La sociedad ahora se había equilibrado temporalmente dentro de la isla y parecía proporcionar una convincente plenitud, al menos desde su propio punto de vista. Estaba basada sobre la razón más la emoción, haciéndolas parecer plausibles a ambas. El canibalismo, por ejemplo, estaba permitido por motivos racionales. Se descubrió que el cuerpo humano es comestible: la comestibilidad es una característica de la comida. Por ende, el cuerpo humano es comida. Con el fin de compensar las deficiencias de dicho razonamiento, se improvisó una enmienda. El canibalismo fue controlado por el bien de la sociedad. Los acuerdos eran la característica del equilibrio temporal. De vez en cuando alguien señalaba un nuevo acuerdo y la lucha entre razón, ambición y comunidad producía alguna nueva norma social. 

Dado que el arte de construir barcos no tenía una aplicación obvia dentro de esta sociedad, el esfuerzo podía fácilmente ser considerado absurdo. No se necesitaban botes… pues no había a dónde ir. Las consecuencias de ciertas suposiciones pueden presentarse de modo que «demuestren» esas suposiciones. Esto es lo que se denomina una pseudocertidumbre, el sustituto de la certeza real. Es con lo que lidiamos a diario cuando asumimos que viviremos otro día. Pero nuestros isleños lo aplicaban a todo. 

Dos artículos de la gran Enciclopedia universal de la Isla nos muestran como funcionaba el proceso. Destilando su sabiduría de la única fuente de nutrición mental disponible para ellos, los sabios de la isla produjeron, con toda franqueza, esta clase de verdades:

BARCO: Deplorable. Vehículo imaginario con el cual, según han afirmado impostores y embusteros, es posible «cruzar el agua»; hoy establecido científicamente como una absurdidad. No se conocen materiales impermeables al agua en la Isla con los cuales se podría construir tal «barco», dejando a un lado la cuestión de si hay un destino más allá de la Isla. Predicar la «construcción de barcos» es un delito grave según la Ley XVII del Código Penal, subsección J, Protección de los Crédulos. LA OBSESIÓN CON LA CONSTRUCCIÓN DE BARCOS es una forma extrema de escapismo mental, síntoma de inadaptabilidad.
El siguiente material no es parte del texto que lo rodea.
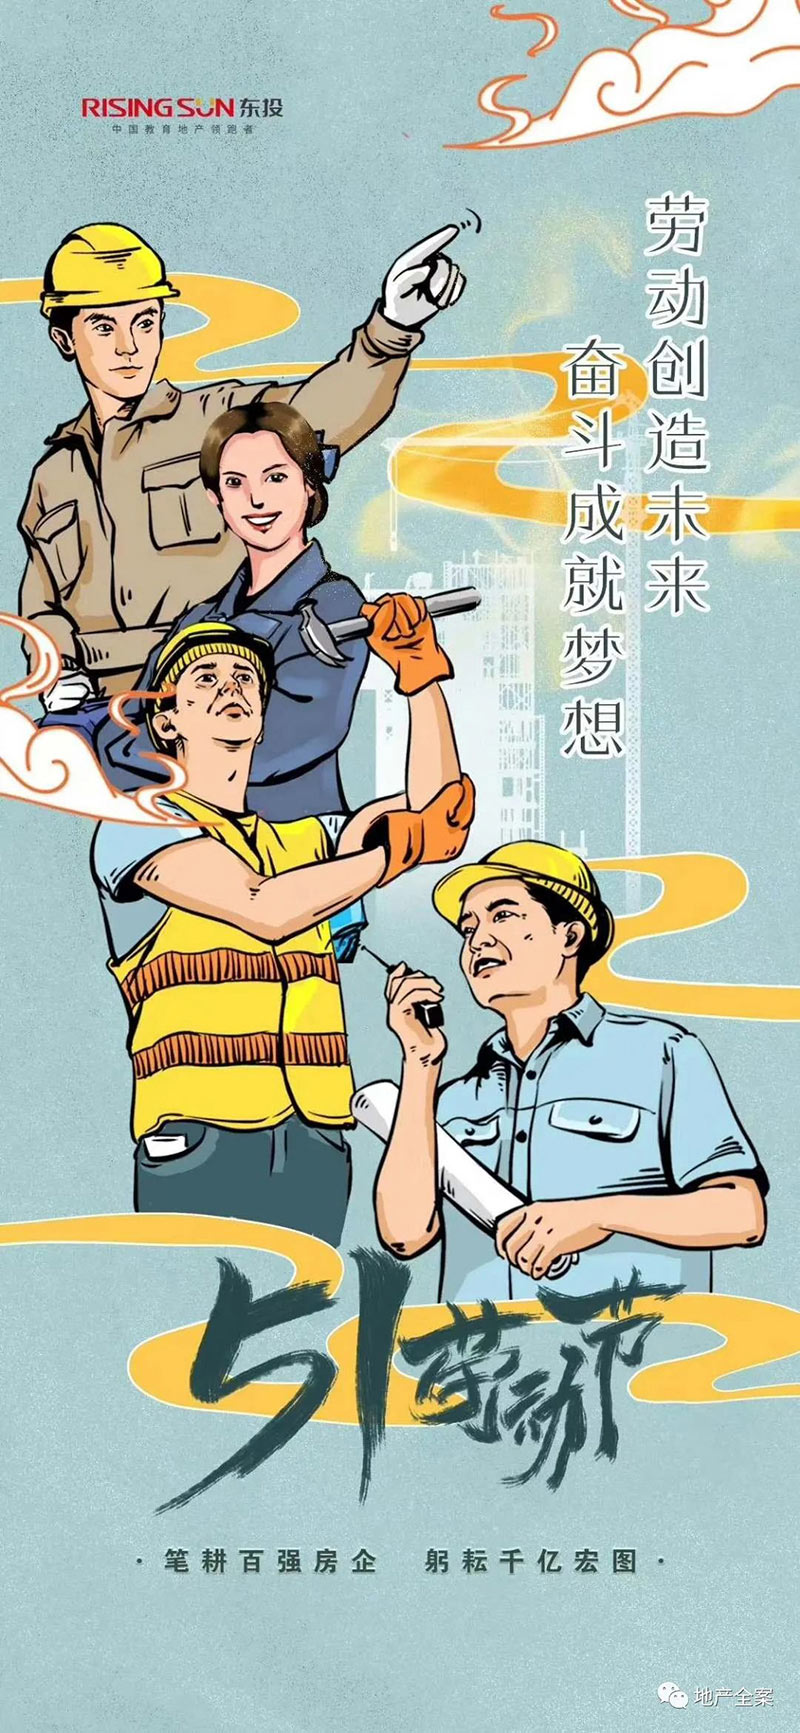 28款地产公司「五一劳动节」主题海报来袭！

Todos los ciudadanos tienen la obligación constitucional de notificar a las autoridades sanitarias si sospechan de la existencia de tan trágica condición en cualquier individuo. 
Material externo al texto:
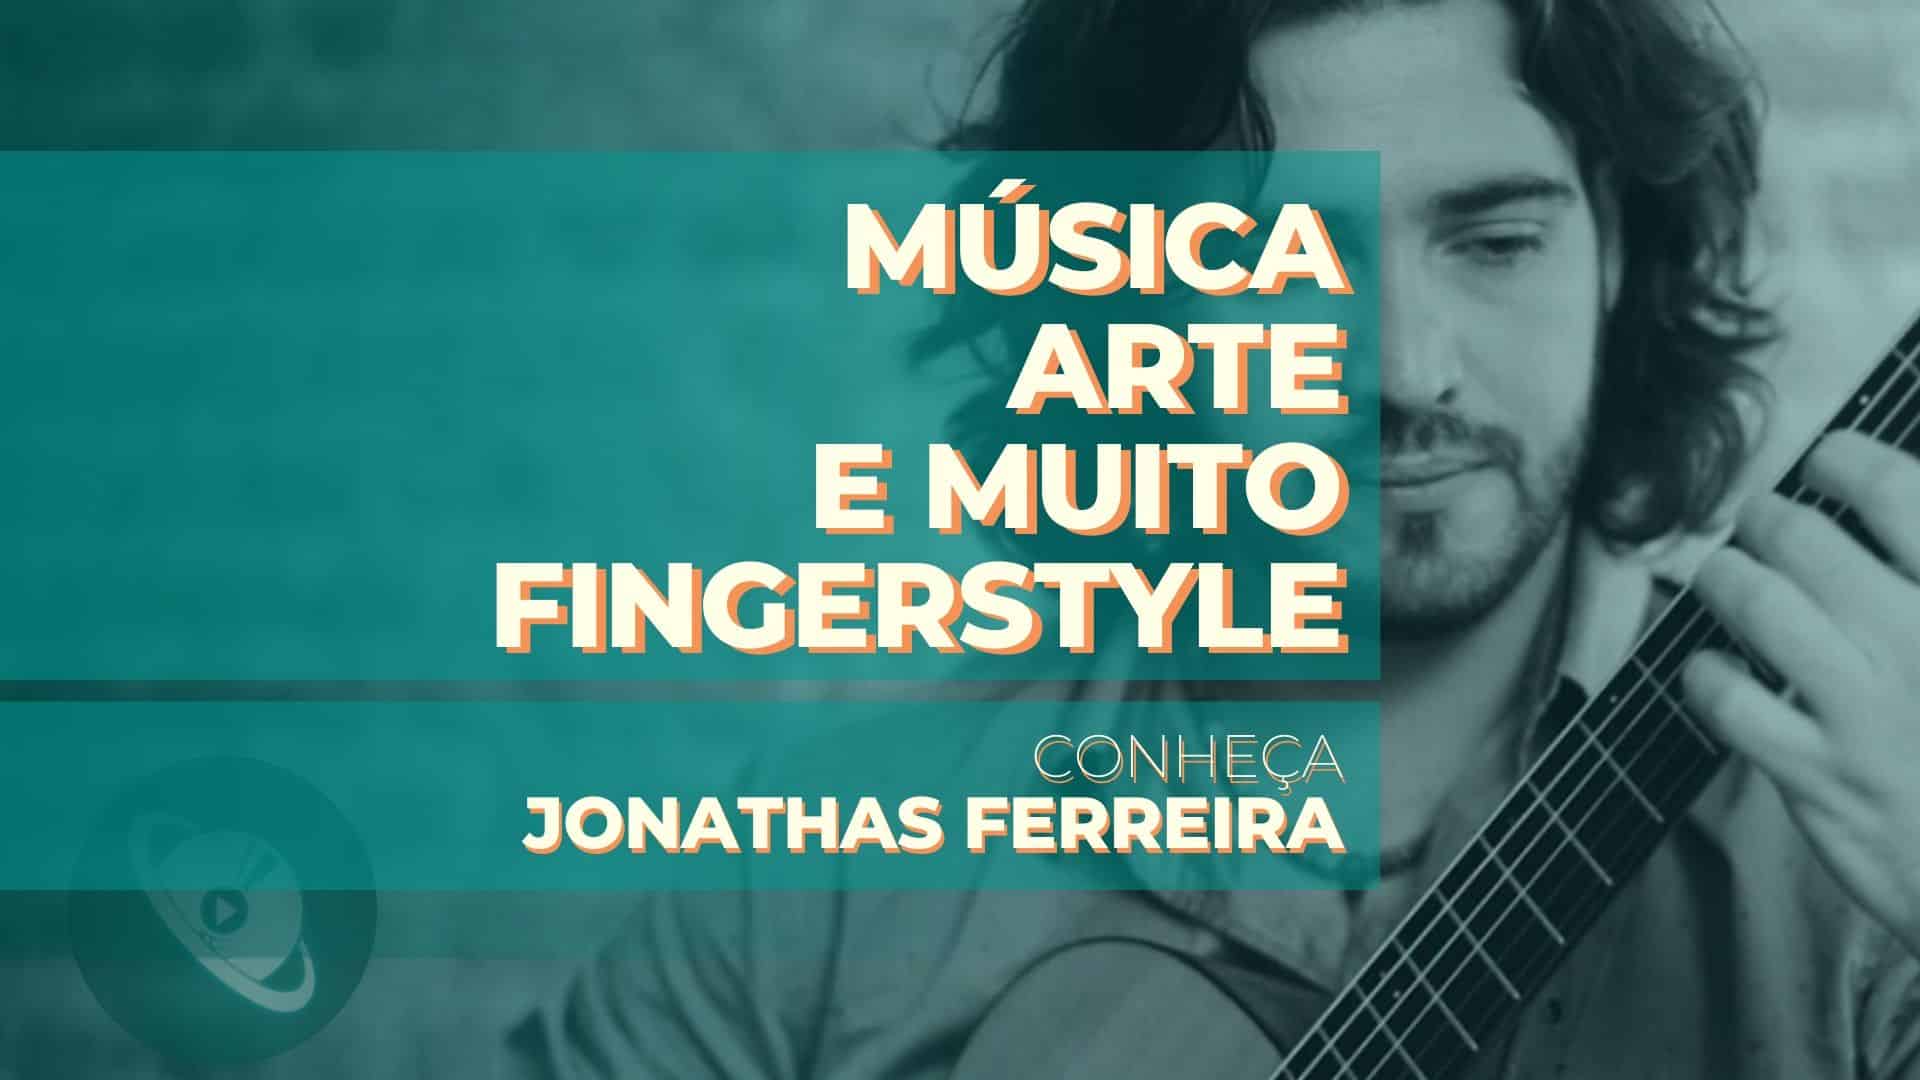 Música, Arte, e muito Fingerstyle! Conheça Jonathas Ferreira

Véase: Natación. Aberraciones mentales; Delitos (serios). Bibliografía: Smith, J. Por qué no se pueden construir «barcos». Universidad Insular. Monografía n. 1151.
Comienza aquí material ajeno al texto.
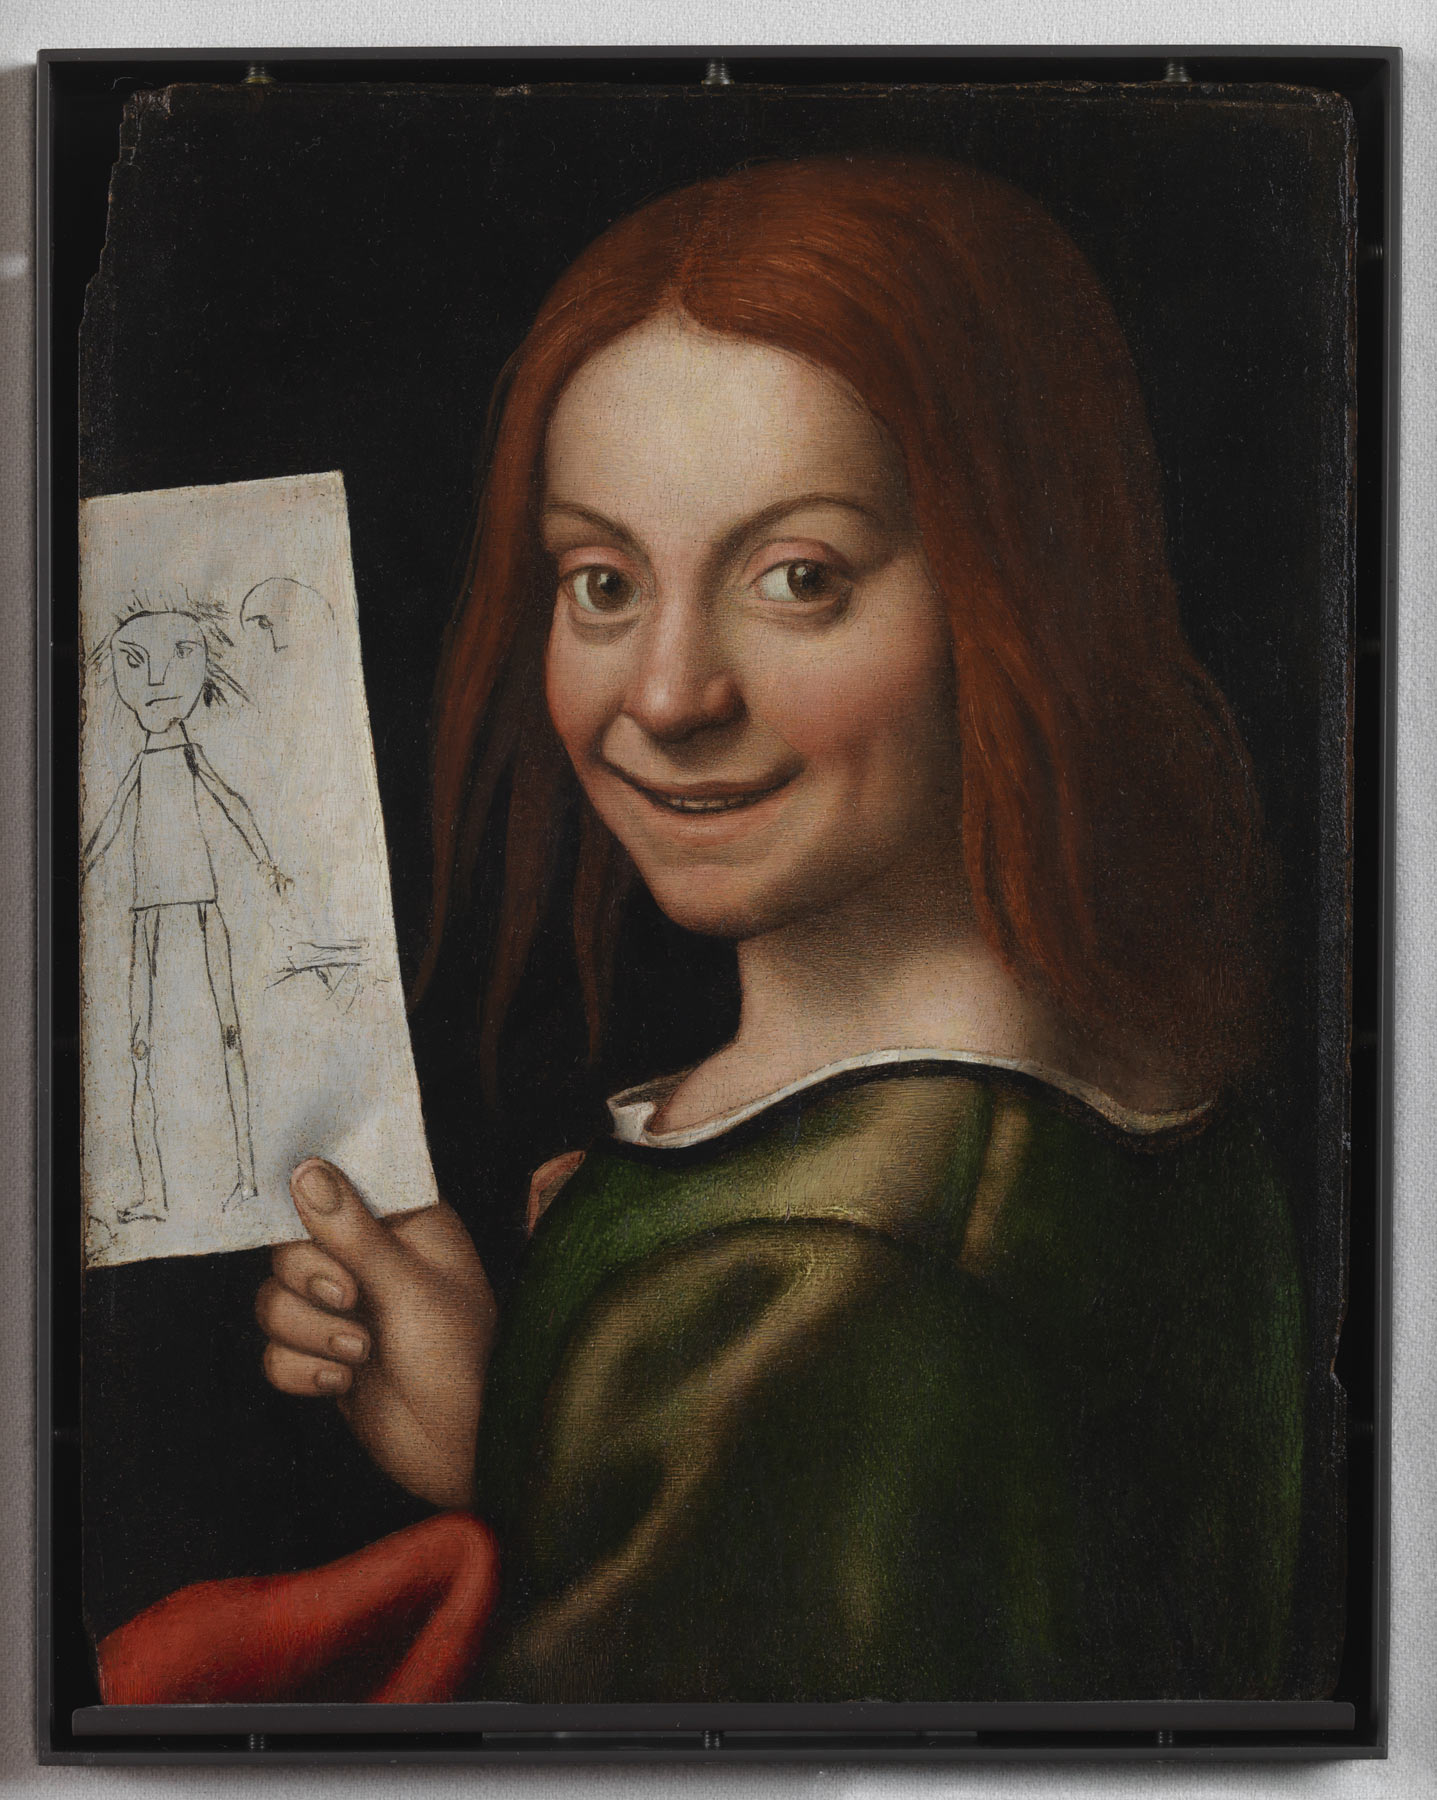 Giovan Francesco Caroto, Ritratto di Fanciullo con disegno (1515-1520; olio su tavola, 37 x 29 cm; Verona, Museo di Castelvecchio)

NATACIÓN: Desagradable. Supuesto método para impulsar el cuerpo a través del agua sin ahogarse, generalmente con el propósito de «alcanzar un lugar fuera de la isla». El «estudiante» de este arte desagradable tenía que someterse a un ritual grotesco.  En la primera lección se postraba en el suelo, moviendo brazos y piernas en respuesta a las órdenes de un «instructor». Todo el concepto se basa en el deseo de los supuestos «instructores» de dominar a los crédulos en tiempos de barbarie. Más recientemente el culto ha tomado la forma de manía epidemica. 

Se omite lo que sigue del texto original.